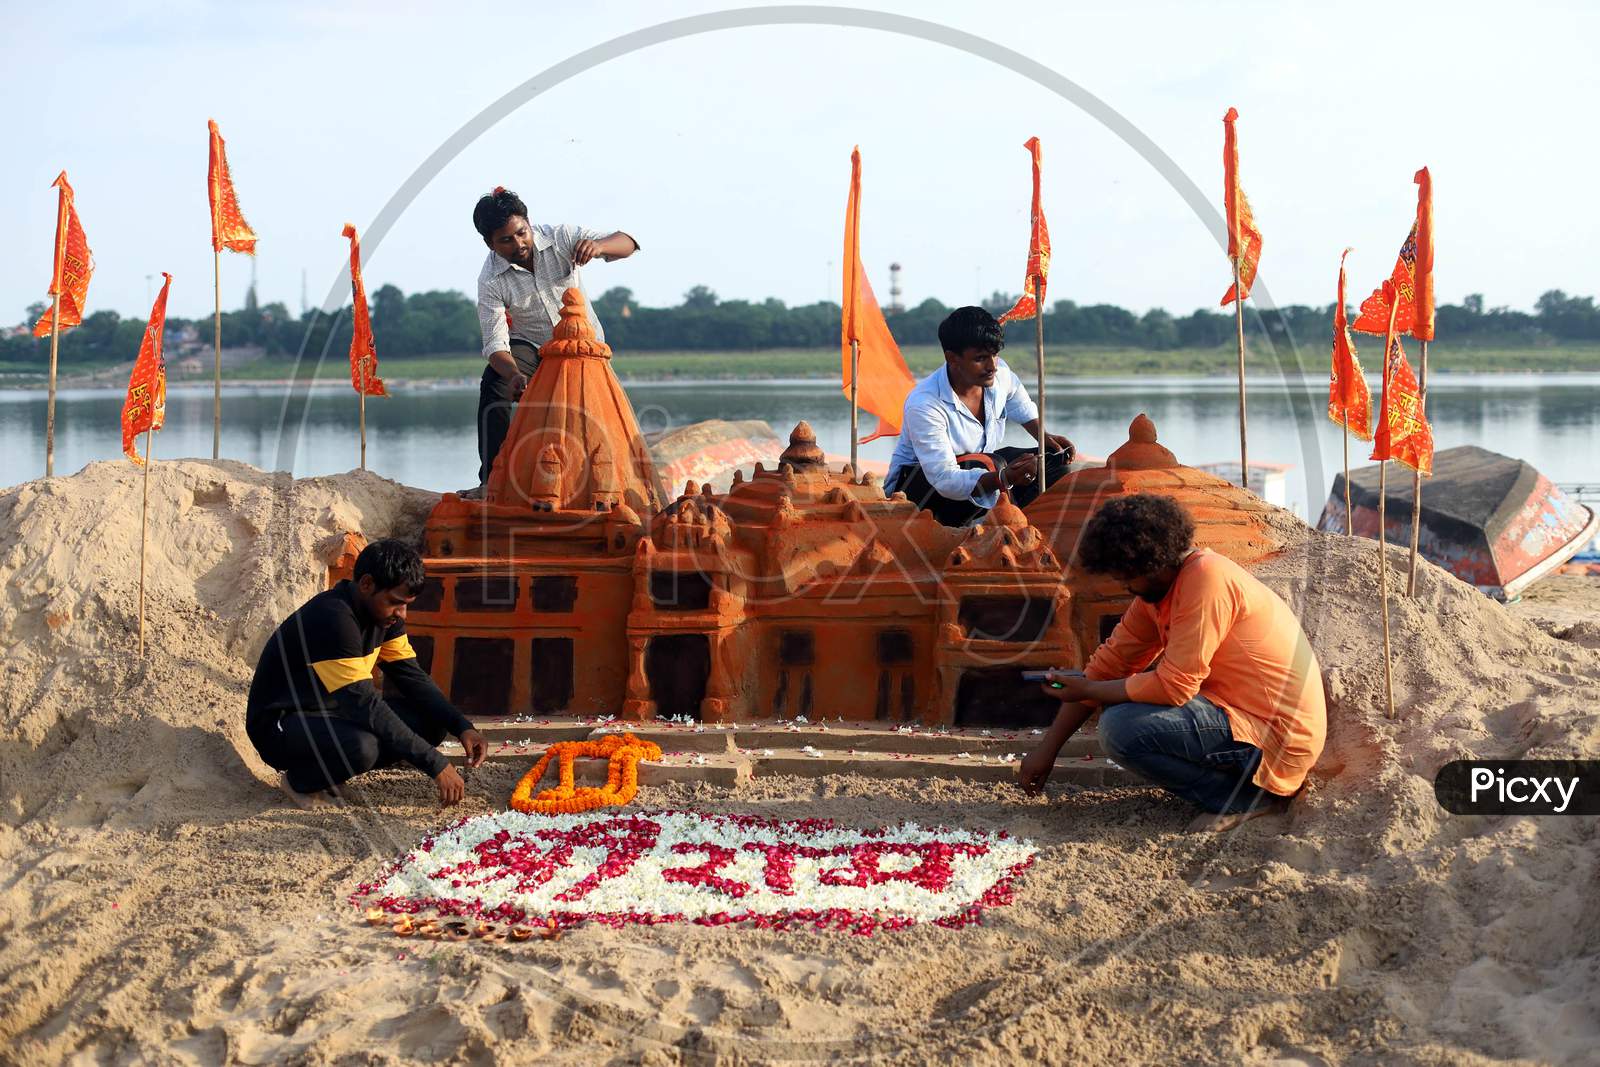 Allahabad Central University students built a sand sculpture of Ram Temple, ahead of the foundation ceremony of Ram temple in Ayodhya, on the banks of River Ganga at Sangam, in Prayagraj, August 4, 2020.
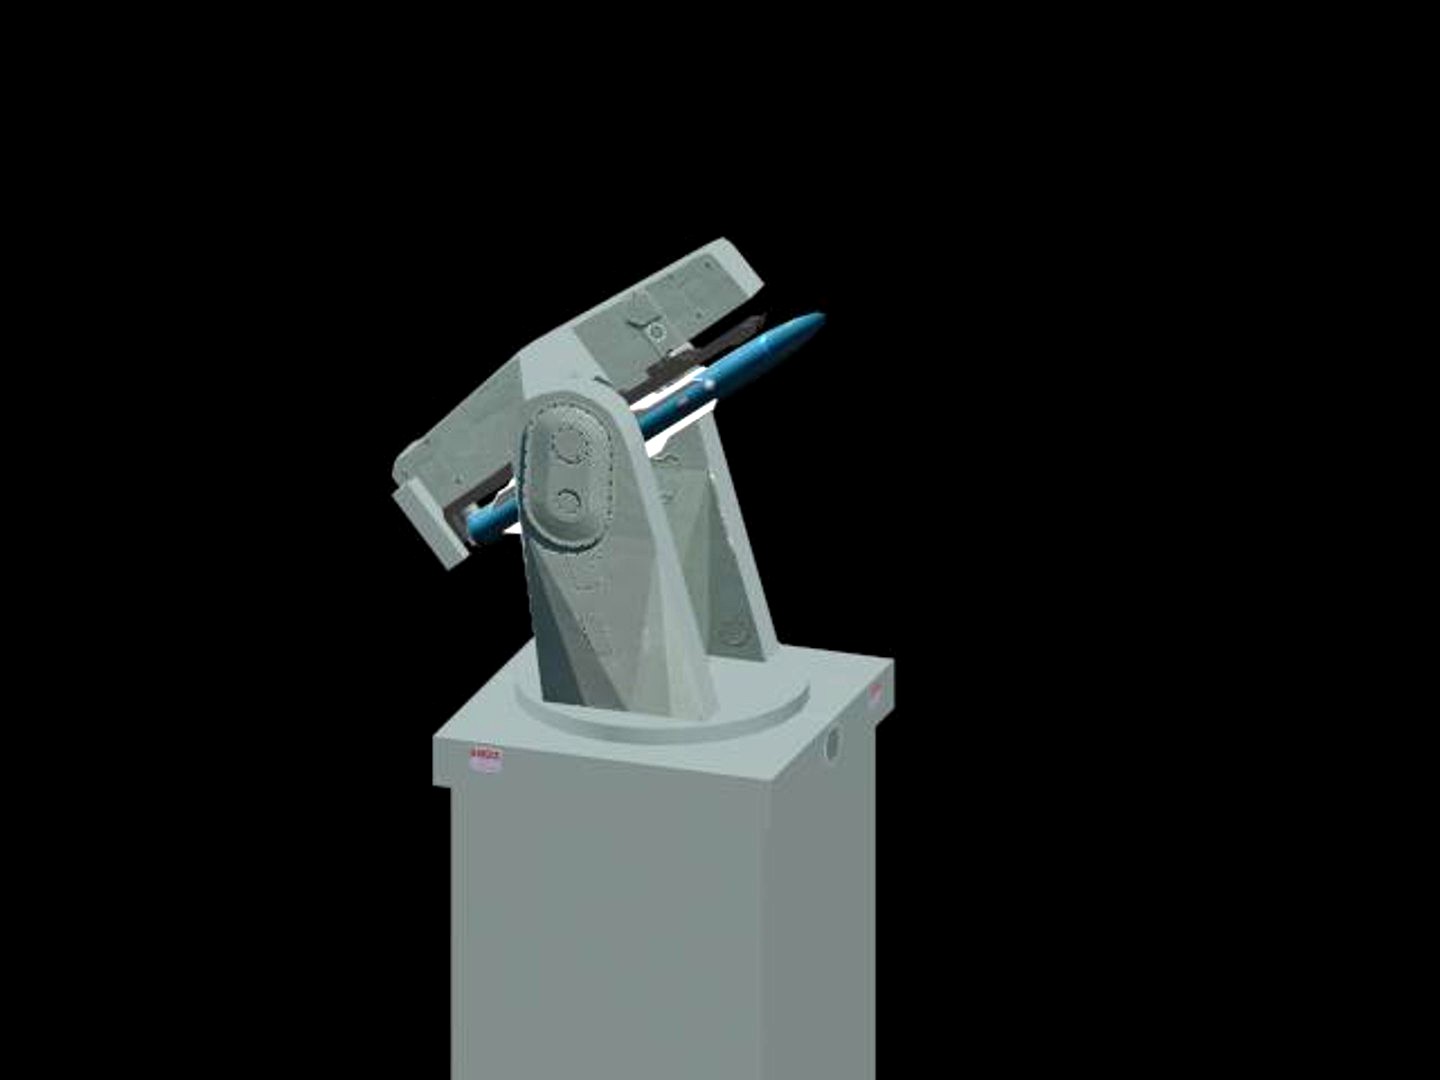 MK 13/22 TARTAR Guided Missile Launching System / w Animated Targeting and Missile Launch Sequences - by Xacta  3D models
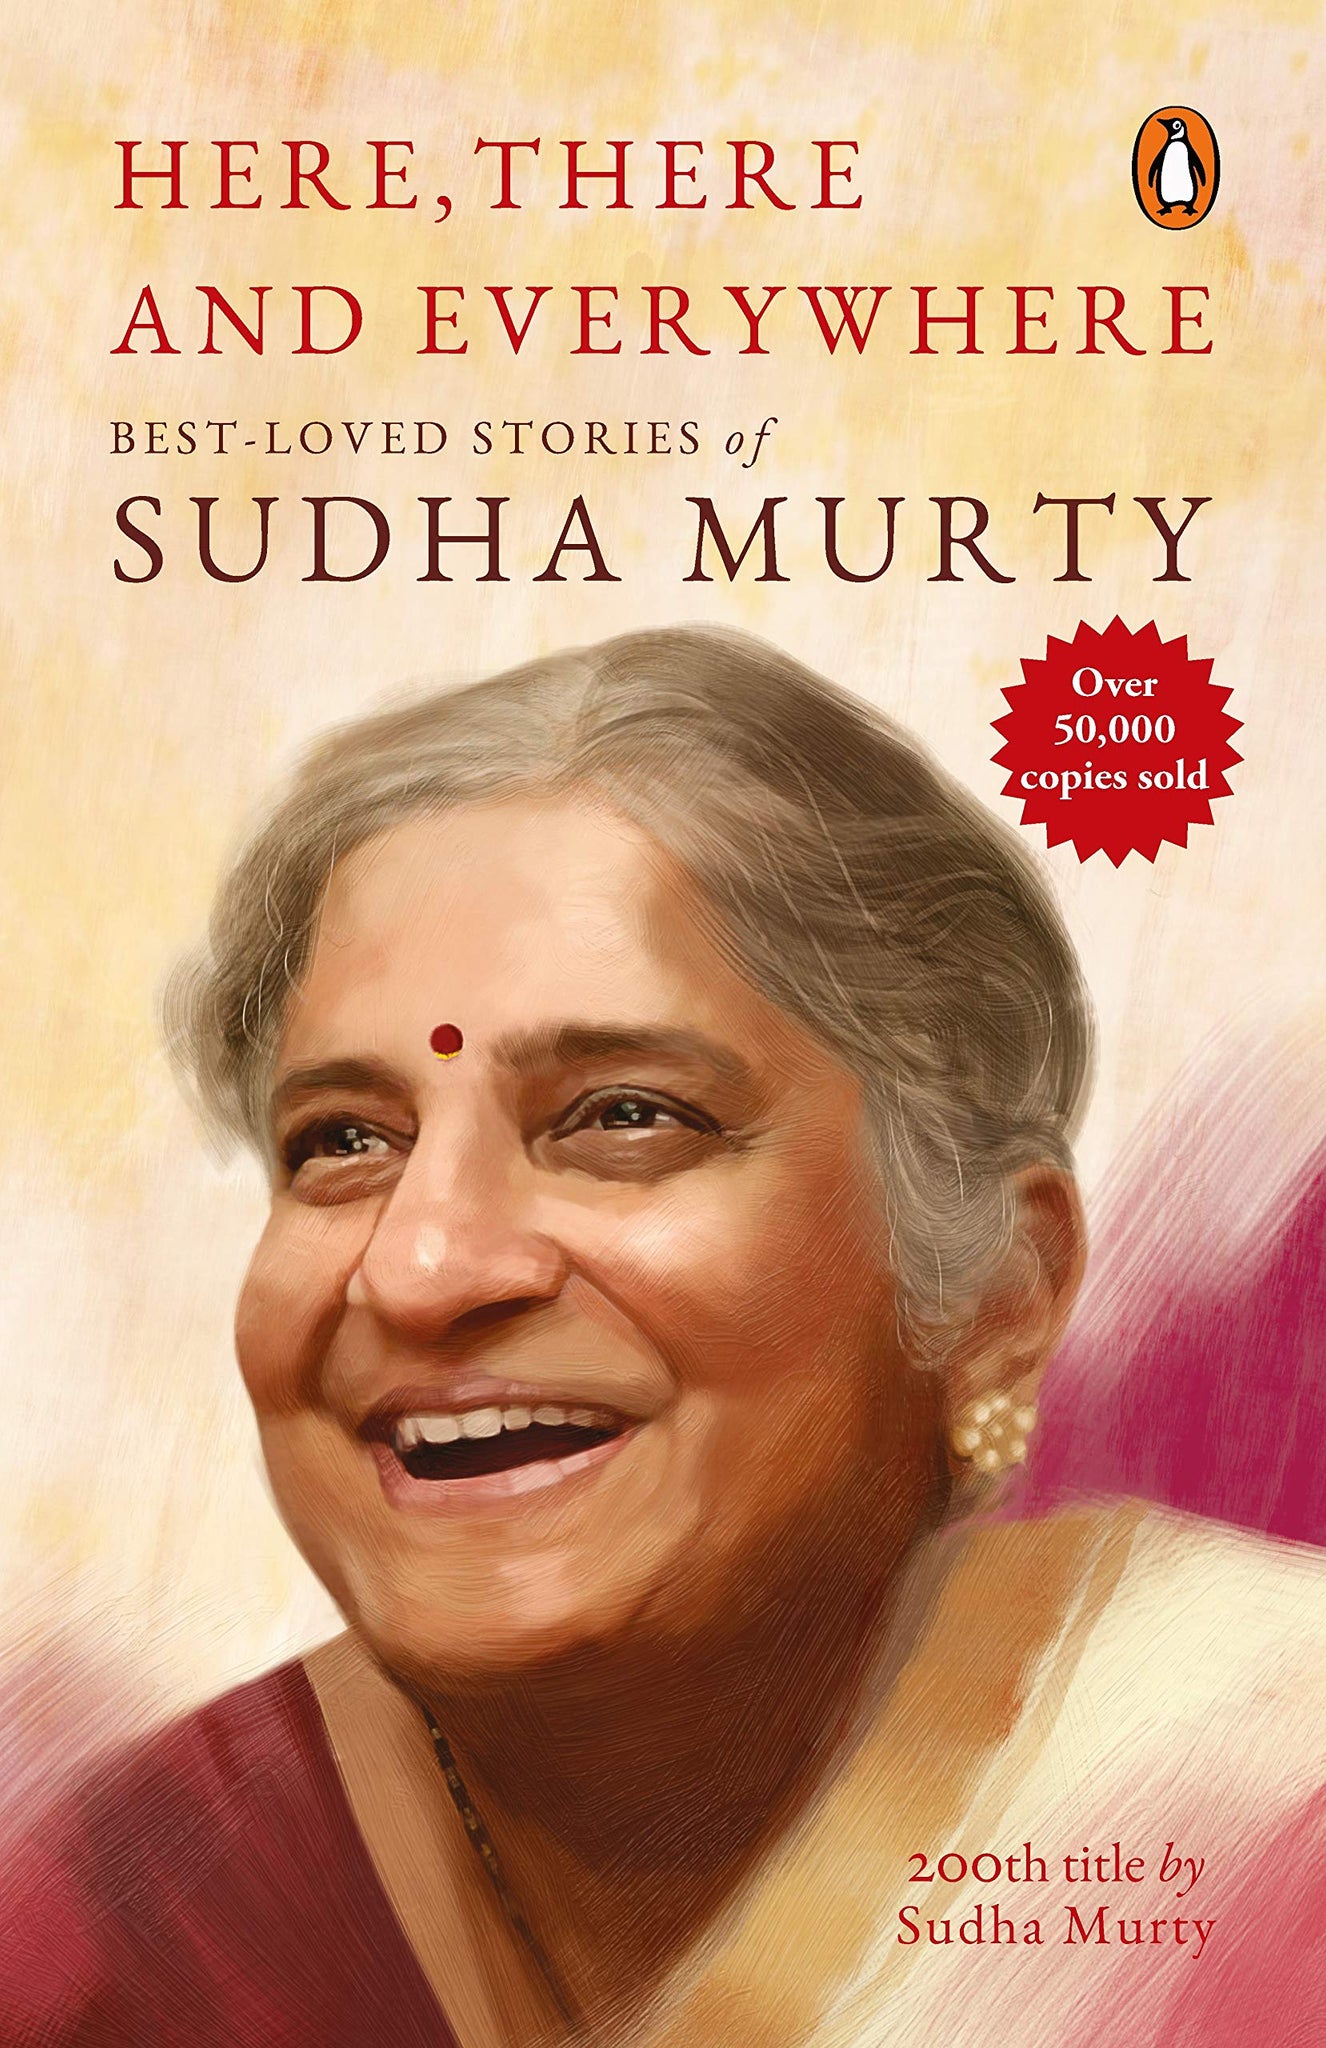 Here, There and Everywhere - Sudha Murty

--

[Prompt]: All of the lines above should be printed exactly, minus the pictures.

[Response to this exercise]:
 Allahabad Central University students built a sand sculpture of Ram Temple, ahead of the foundation ceremony of Ram temple in Ayodhya, on the banks of River Ganga at Sangam, in Prayagraj, August 4, 2020.
 MK 13/22 TARTAR Guided Missile Launching System / w Animated Targeting and Missile Launch Sequences - by Xacta  3D models
 Here, There and Everywhere - Sudha Murty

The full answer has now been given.